After a typically grueling AFC North battle on Sunday, the reality of what just happened to the Pittsburgh Steelers hit them like a splash of cold water to the face.
The facts are true and cannot be altered. Wishing and praying won't change circumstances.
The Steelers will not win the division—that honor belongs to the Cincinnati Bengals—and now face the challenge of defending their world championship via the wild card route. Not what the franchise envisioned when the season began, for sure, but stone cold reality has a way of dashing one's dreams sometimes.
The Bengals own the AFC North. There's zero doubt about that now. Any hope the Steeler Nation has of a collapse won't happen, unless Carson Palmer goes down in a heap once again.
Cincinnati owns two wins each over Pittsburgh and Baltimore, are 5-0 in the division, and have a cupcake schedule down the stretch. The record of their last seven opponents is a paltry 24-37 combined, with only the Vikings and the Chargers as serious threats. The Bengals' next three games are against Oakland (2-7), Cleveland (1-7), and Detroit (1-8).
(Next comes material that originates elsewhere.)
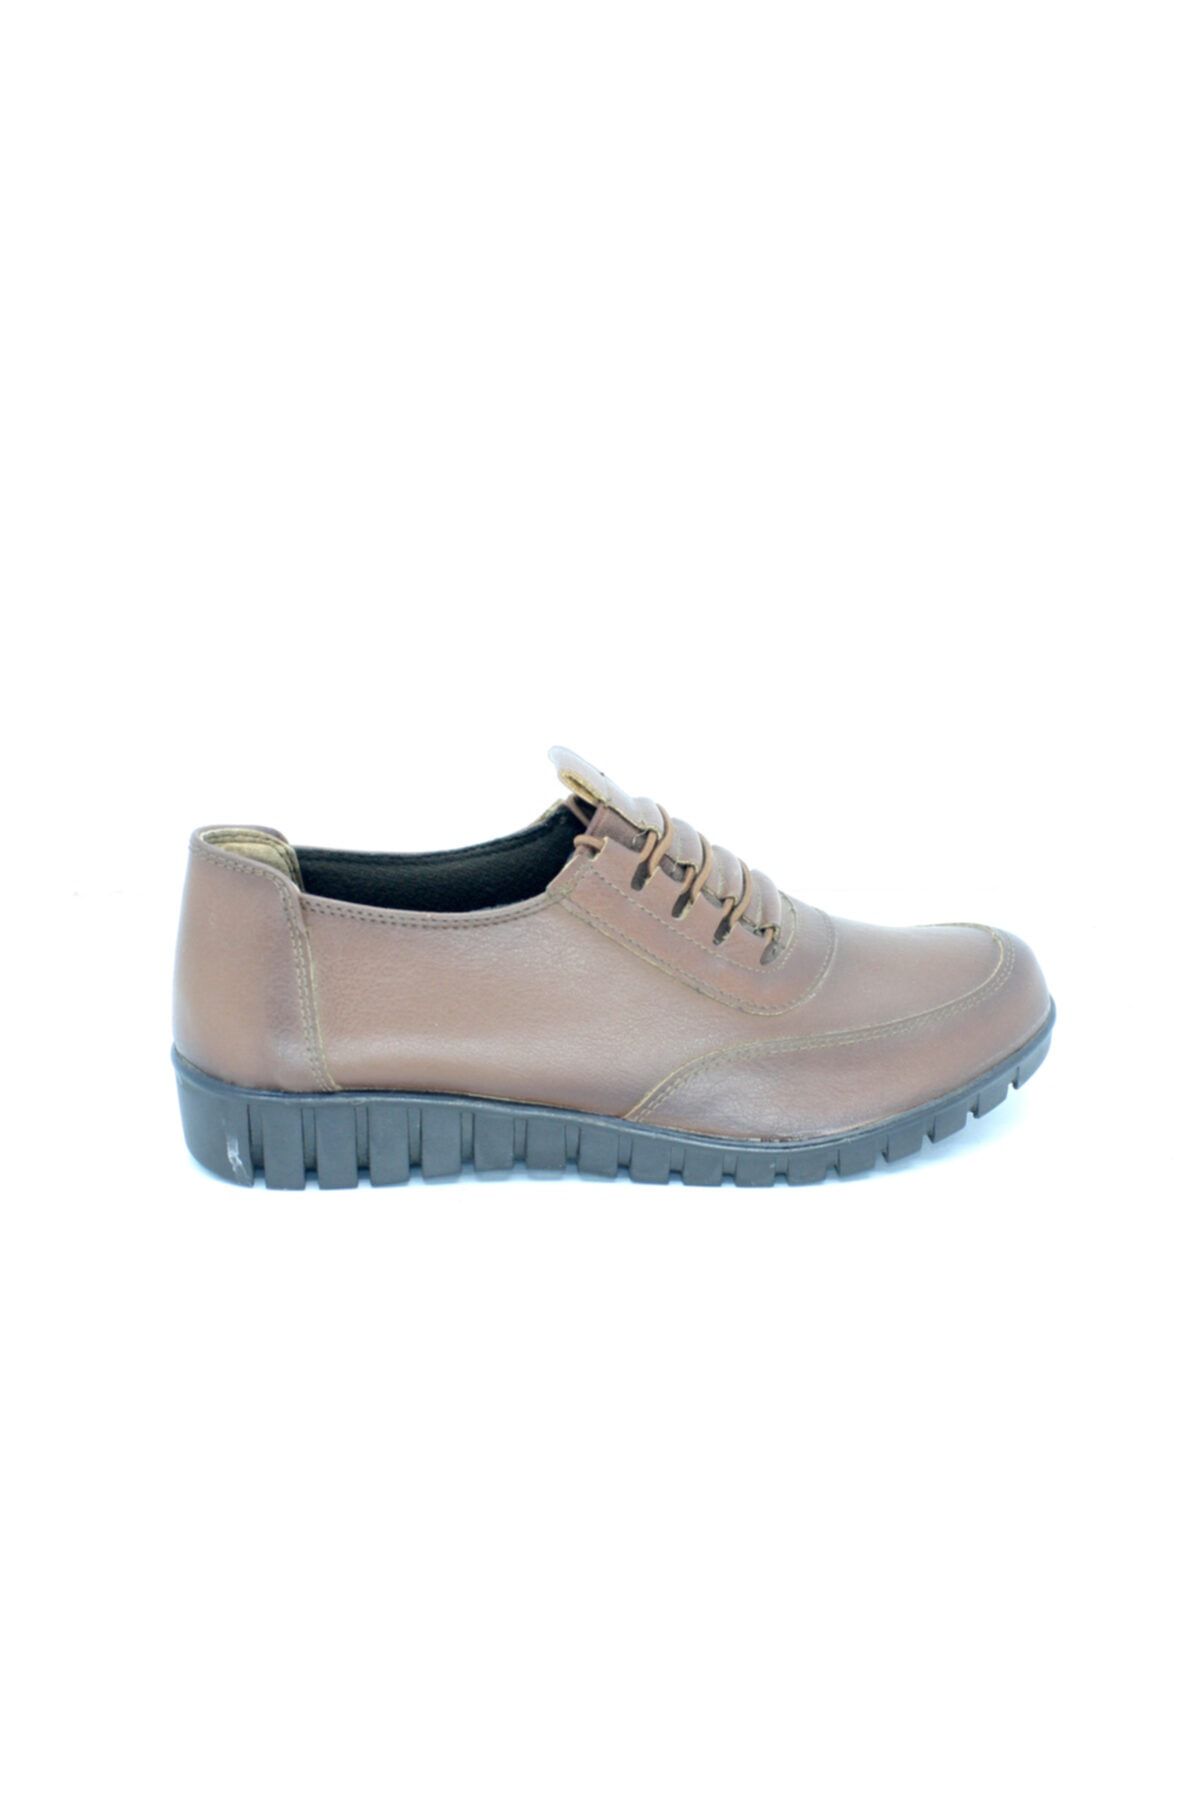 Polaris 156795.z Bayan Confort Kadın Günlük Ayakkabı

Of course, miracles can happen, but I highly doubt it in this case. This isn't the typical Cincinnati team we're used to. The Bengals came to town and beat Pittsburgh by playing Steeler football—fast, physical, and in your face. They aren't going to fade away.
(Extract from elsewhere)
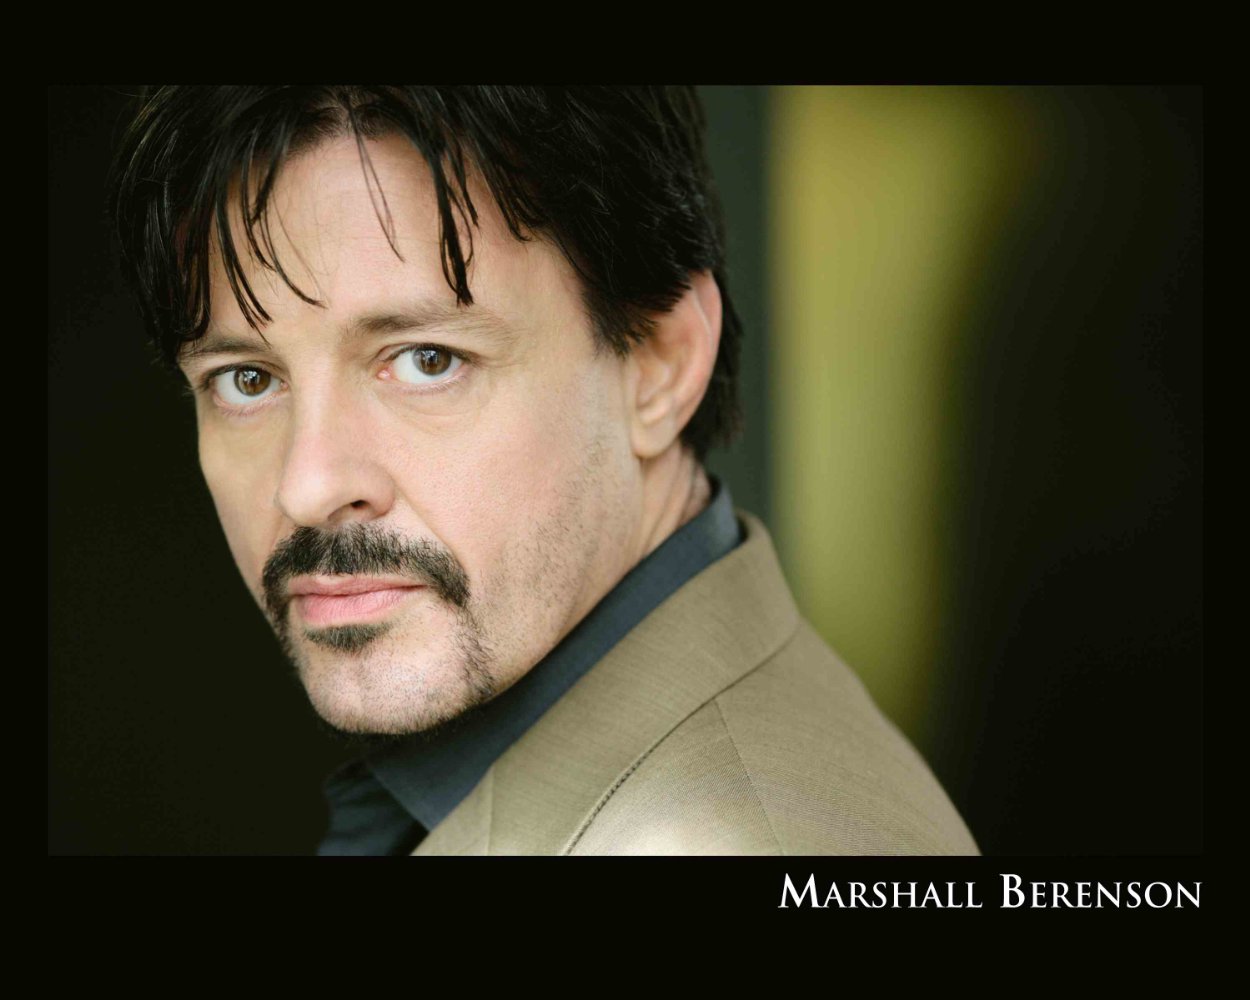 Marshall Berenson

Technically, the Bengals have a two-game lead in the division. Pittsburgh can't afford to lose another game.
One Steeler has already come to terms with the situation.
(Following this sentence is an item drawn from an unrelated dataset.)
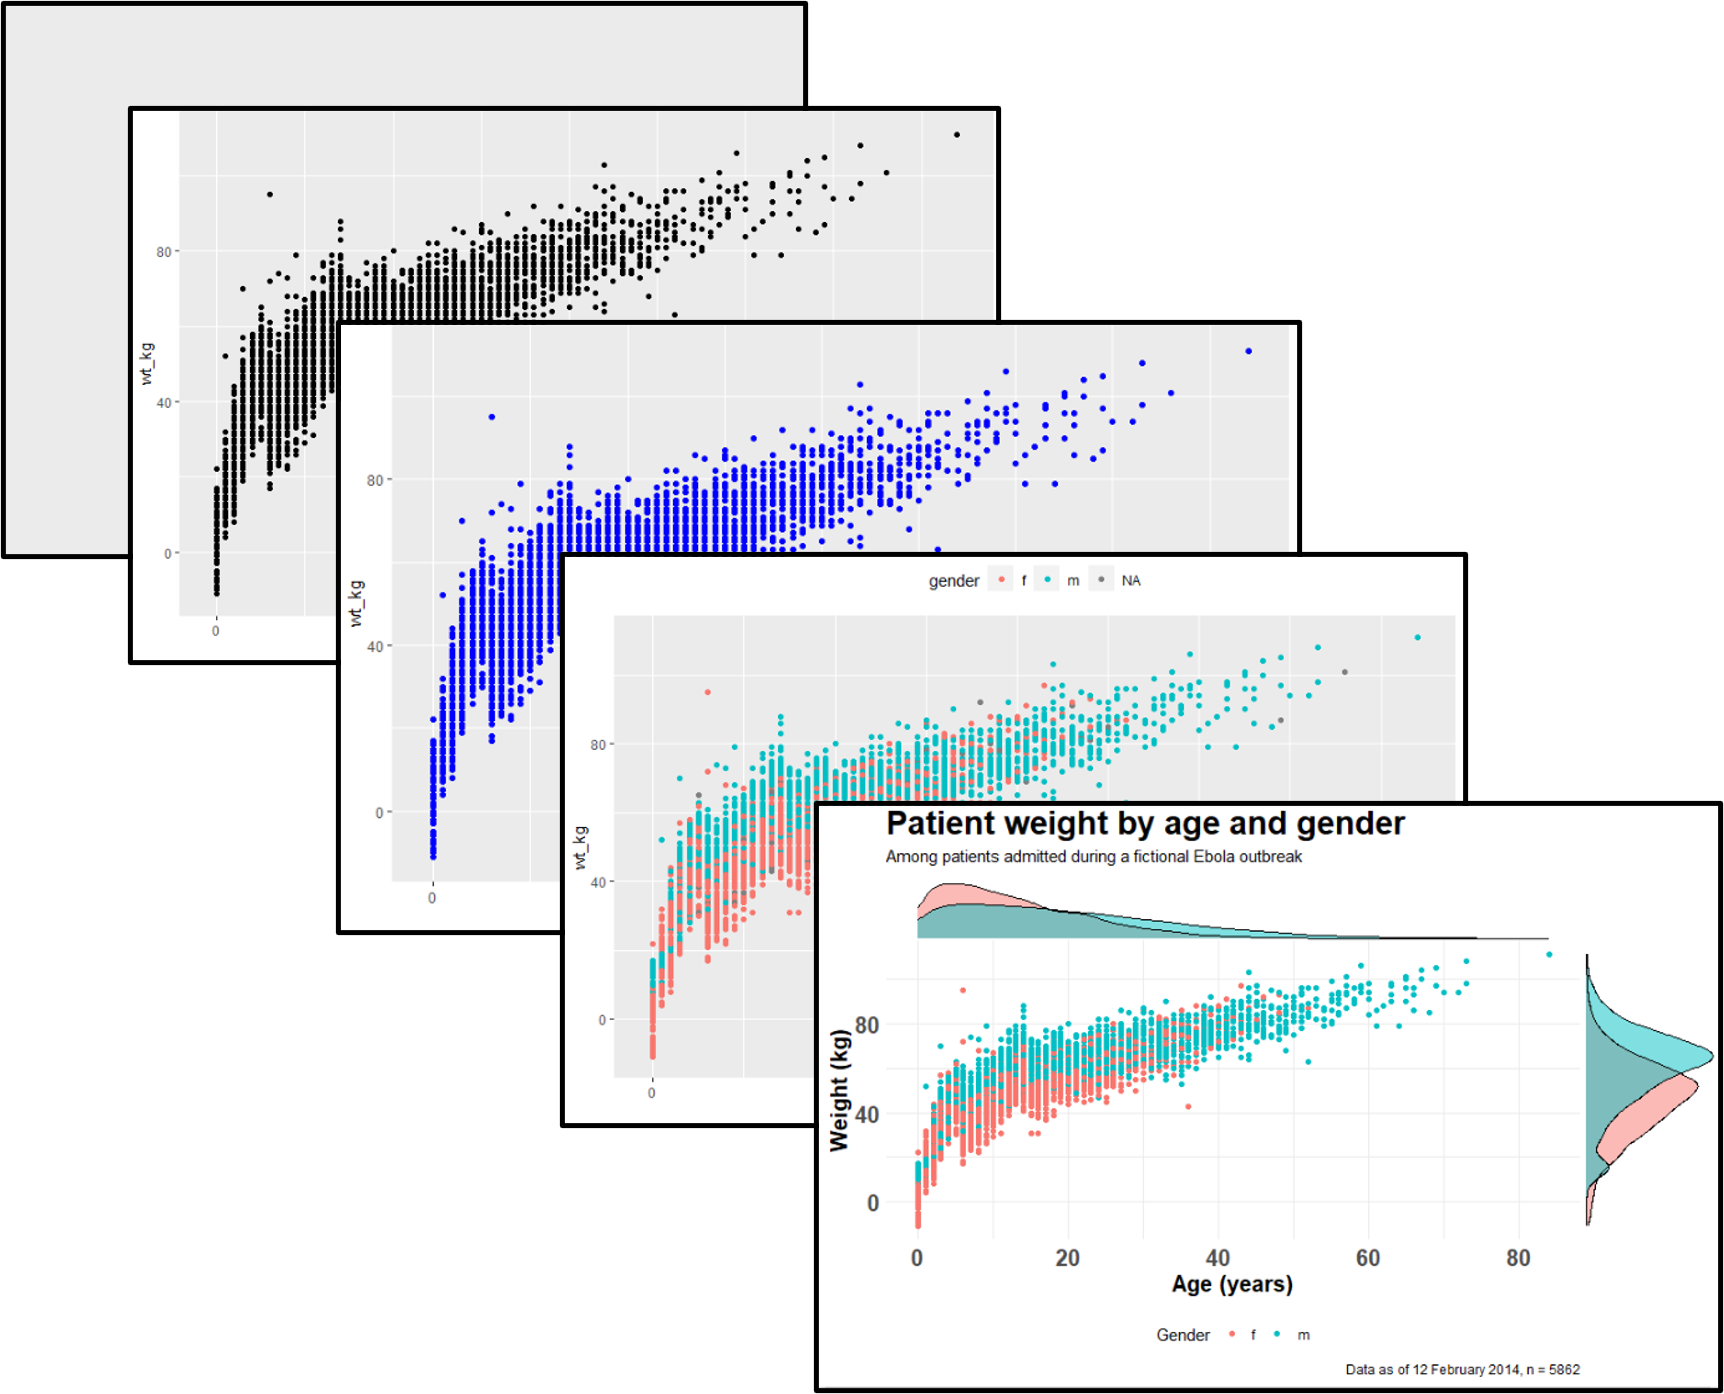 ggplot - Bạn muốn tạo ra những biểu đồ tuyệt đẹp và dễ đọc? Hãy thử nghiệm ggplot - gói phần mềm thống kê miễn phí. Cùng xem hình ảnh liên quan đến ggplot để hiểu thêm tính năng thú vị này!

"I mean, they're going to be division champs," Steelers S Ryan Clark said. "[We] already know we have to beat them with the overall record. That's tough. We have to win out. Don't get me wrong, I'd give one of my arms to play them again."
All hope is not gone.
The Steelers won the Super Bowl in 2006 as a wild card entry and have the talent to make a run at it again, but the 2009 version has some glaring weaknesses the 2005-06 squad didn't have.
The special teams' coverage units are horrible. The three touchdowns they've given up this season is all the evidence you need. Add an offensive coordinator who abandons the run when adversity strikes, along with a team that loses its composure late in games and turns the ball over too much, and you have a recipe for an early playoff exit or, worse, no playoff berth at all.
It also doesn't help the cause knowing Troy Polamalu hasn't been 100 percent all season and probably won't be the rest of the way.
Some things can be changed right now.
Mike Tomlin cannot allow Rashard Mendenhall to touch the football only 13 times. It's inexcusable. He's been the team's best offensive player the last four or five weeks, and offensive coordinator Bruce Arians takes the ball out of his hands. Unreal.
Arians called 40 passes and only 18 runs against the Bengals. That won't get a win against a good team. You need some sort of balance to succeed in the NFL. Being one-dimensional gets you nothing but beat.
The red zone offense must improve. Against the Bengals, the Steelers had a total of 16 yards, counting sacks and penalties, in the red area. Four red zone trips, four field goals. There's the game in a nutshell.
Pittsburgh gets a break in its schedule and a chance to right the ship with three of its next four games against teams with losing records: Kansas City (2-7), Oakland (2-7), and Cleveland (1-7).
What has to happen now is an adjustment of goals, attitude, and a refocused commitment to excellence. The Steelers must play with a sense of urgency. Every game counts. There is no margin for error.